- TASK DETAILS
Output only the lines from the start of the entries through the line holding "BMW 5 series, 2006-2". Each line must match the original exactly.
"""
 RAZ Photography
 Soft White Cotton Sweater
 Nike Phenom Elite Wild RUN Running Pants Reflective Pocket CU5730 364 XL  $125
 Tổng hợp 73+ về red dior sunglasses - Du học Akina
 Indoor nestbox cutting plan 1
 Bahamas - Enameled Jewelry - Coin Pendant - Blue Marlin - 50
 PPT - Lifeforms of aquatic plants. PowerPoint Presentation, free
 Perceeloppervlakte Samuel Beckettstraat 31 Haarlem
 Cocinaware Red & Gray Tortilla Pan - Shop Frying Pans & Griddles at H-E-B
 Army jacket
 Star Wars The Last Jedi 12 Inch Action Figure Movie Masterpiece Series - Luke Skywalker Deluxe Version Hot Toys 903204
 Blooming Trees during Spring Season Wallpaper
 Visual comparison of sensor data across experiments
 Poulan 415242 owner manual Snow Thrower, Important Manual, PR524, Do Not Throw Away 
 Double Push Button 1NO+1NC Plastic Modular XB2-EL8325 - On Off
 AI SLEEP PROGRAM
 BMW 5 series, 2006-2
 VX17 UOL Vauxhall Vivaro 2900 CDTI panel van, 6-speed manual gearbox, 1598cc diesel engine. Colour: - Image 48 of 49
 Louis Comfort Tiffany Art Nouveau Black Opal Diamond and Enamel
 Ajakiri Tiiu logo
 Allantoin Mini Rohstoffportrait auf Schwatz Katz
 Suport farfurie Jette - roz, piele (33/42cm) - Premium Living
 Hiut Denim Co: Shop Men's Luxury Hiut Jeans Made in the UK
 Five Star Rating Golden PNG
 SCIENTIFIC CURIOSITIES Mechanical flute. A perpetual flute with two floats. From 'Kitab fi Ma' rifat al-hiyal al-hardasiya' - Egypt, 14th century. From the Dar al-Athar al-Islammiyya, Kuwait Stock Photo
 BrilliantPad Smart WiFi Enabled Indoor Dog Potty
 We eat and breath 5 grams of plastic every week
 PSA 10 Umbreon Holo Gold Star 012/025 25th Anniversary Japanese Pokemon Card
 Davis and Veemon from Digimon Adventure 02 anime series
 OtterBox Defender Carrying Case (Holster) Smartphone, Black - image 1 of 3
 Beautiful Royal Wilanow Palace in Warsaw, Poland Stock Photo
"""
- EXERCISE ANSWER
 RAZ Photography
 Soft White Cotton Sweater
 Nike Phenom Elite Wild RUN Running Pants Reflective Pocket CU5730 364 XL  $125
 Tổng hợp 73+ về red dior sunglasses - Du học Akina
 Indoor nestbox cutting plan 1
 Bahamas - Enameled Jewelry - Coin Pendant - Blue Marlin - 50
 PPT - Lifeforms of aquatic plants. PowerPoint Presentation, free
 Perceeloppervlakte Samuel Beckettstraat 31 Haarlem
 Cocinaware Red & Gray Tortilla Pan - Shop Frying Pans & Griddles at H-E-B
 Army jacket
 Star Wars The Last Jedi 12 Inch Action Figure Movie Masterpiece Series - Luke Skywalker Deluxe Version Hot Toys 903204
 Blooming Trees during Spring Season Wallpaper
 Visual comparison of sensor data across experiments
 Poulan 415242 owner manual Snow Thrower, Important Manual, PR524, Do Not Throw Away 
 Double Push Button 1NO+1NC Plastic Modular XB2-EL8325 - On Off
 AI SLEEP PROGRAM
 BMW 5 series, 2006-2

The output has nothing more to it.